CS: Yes, because there is a cost to making a mistake. Imagine this shopping scenario: You give the budget, you give the parameters and you get some outcome that you’re not happy with. And maybe you’re stuck with the item because the agent bought from a company that doesn’t take returns.
So there are costs to making mistakes, and you’re going to bear the cost, not the agent. You don’t have a lot of choices in terms of correcting this, besides not using the agent anymore.
What would it take for someone to be able to trust it? Users will perhaps start small and see that the agent will actually do the kind of things that would be agreeable to them, and then go from there. Ultimately, we will see these agents playing critical roles in sensitive domains like health care, finance and education. But we are not there yet.
In fact, one of the hardest problems to solve is scheduling. It’s time-consuming, and not everybody enjoys it. So what would it take for you to trust an agent to plan your holiday trip? What if it books the flight with this airline that you hate? What if it gets you an aisle seat when you prefer a window seat? There are so many things to figure out.

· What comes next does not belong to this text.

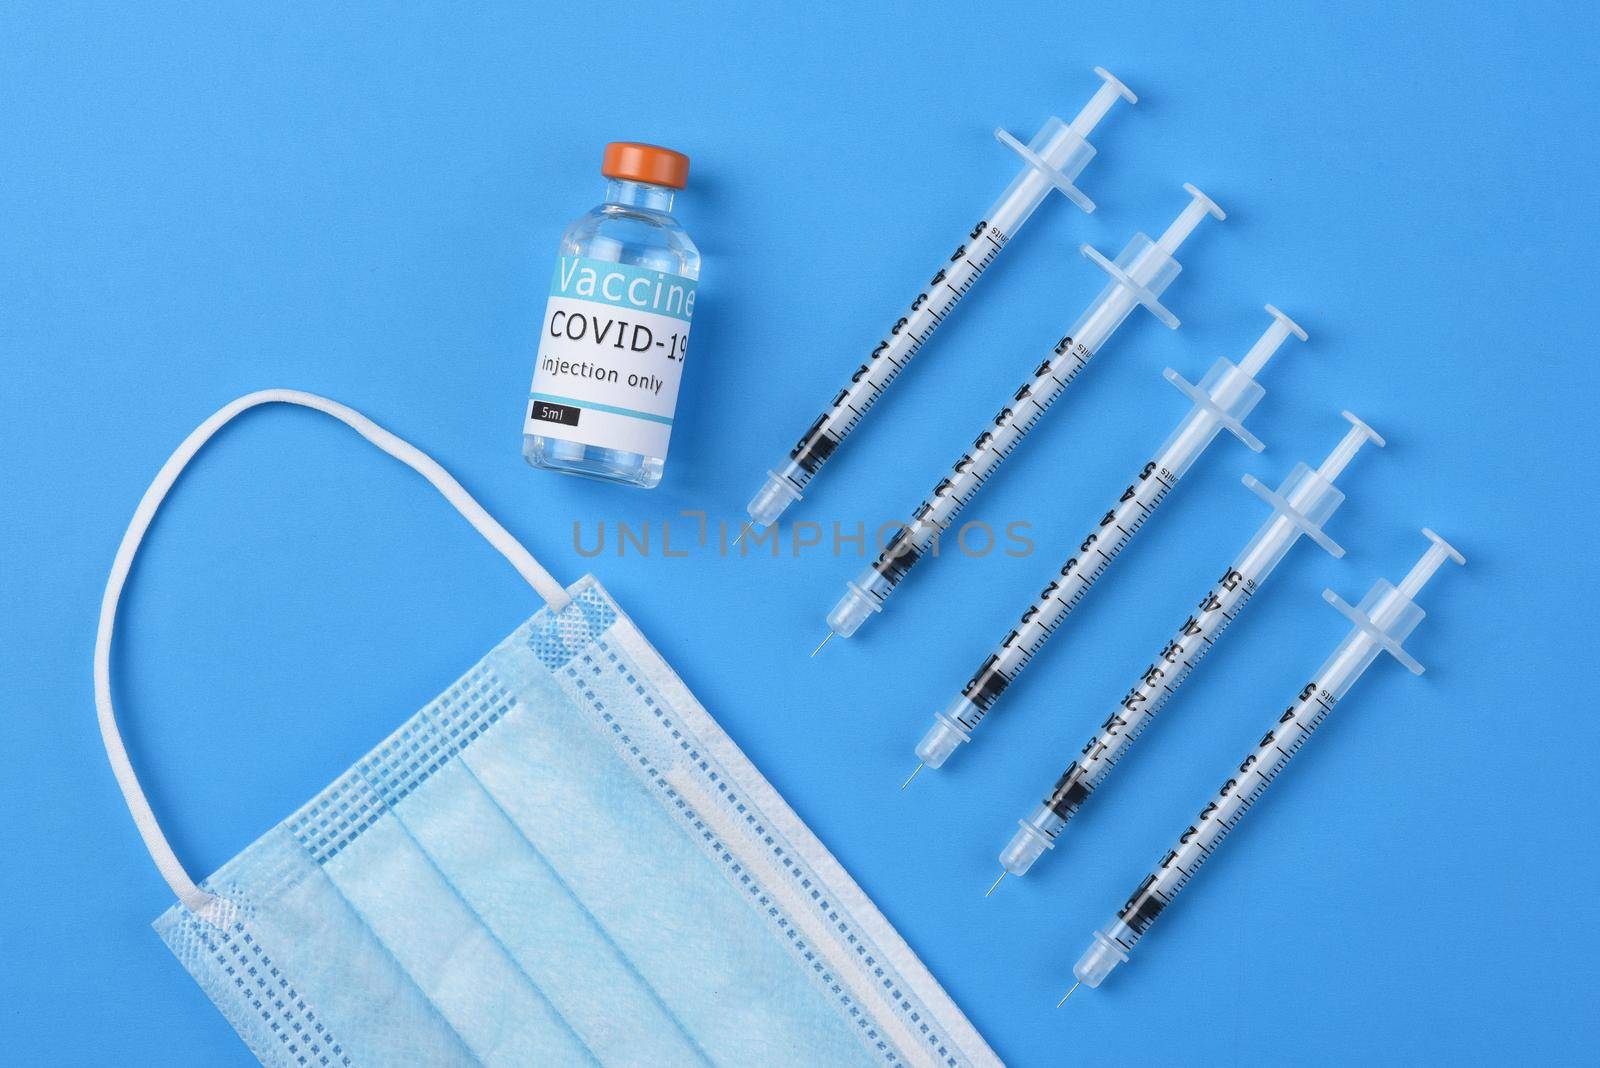 Flat lay shot of syringes a vial of Covid-19 vaccine and a surgical mask on a blue background.

There’s no shortcut to trusting these systems. I don’t think anyone’s just going to come up with the most sophisticated system, and the problem is solved. We’ll have to build that recognition, that social awareness, that personal awareness and that trust.
What are some potential downsides to having these agents deployed at scale?
CS: One potential issue is bias. What if the agent has some embedded agenda that I’m not aware of, because this is being supported by, say, Amazon? Amazon is giving me this free agent that I can use for shopping, and it works great on Amazon, but what guarantee do I have that it’s not buying things that maximize Amazon’s profit margin? If I get an agent for free from my bank, how would I know that it’s not optimizing things just for the bank?
We haven’t figured out a lot of these issues that would fall under the responsible AI umbrella. But considering the progress that we have made so far, we will likely start having these kinds of capable agents soon.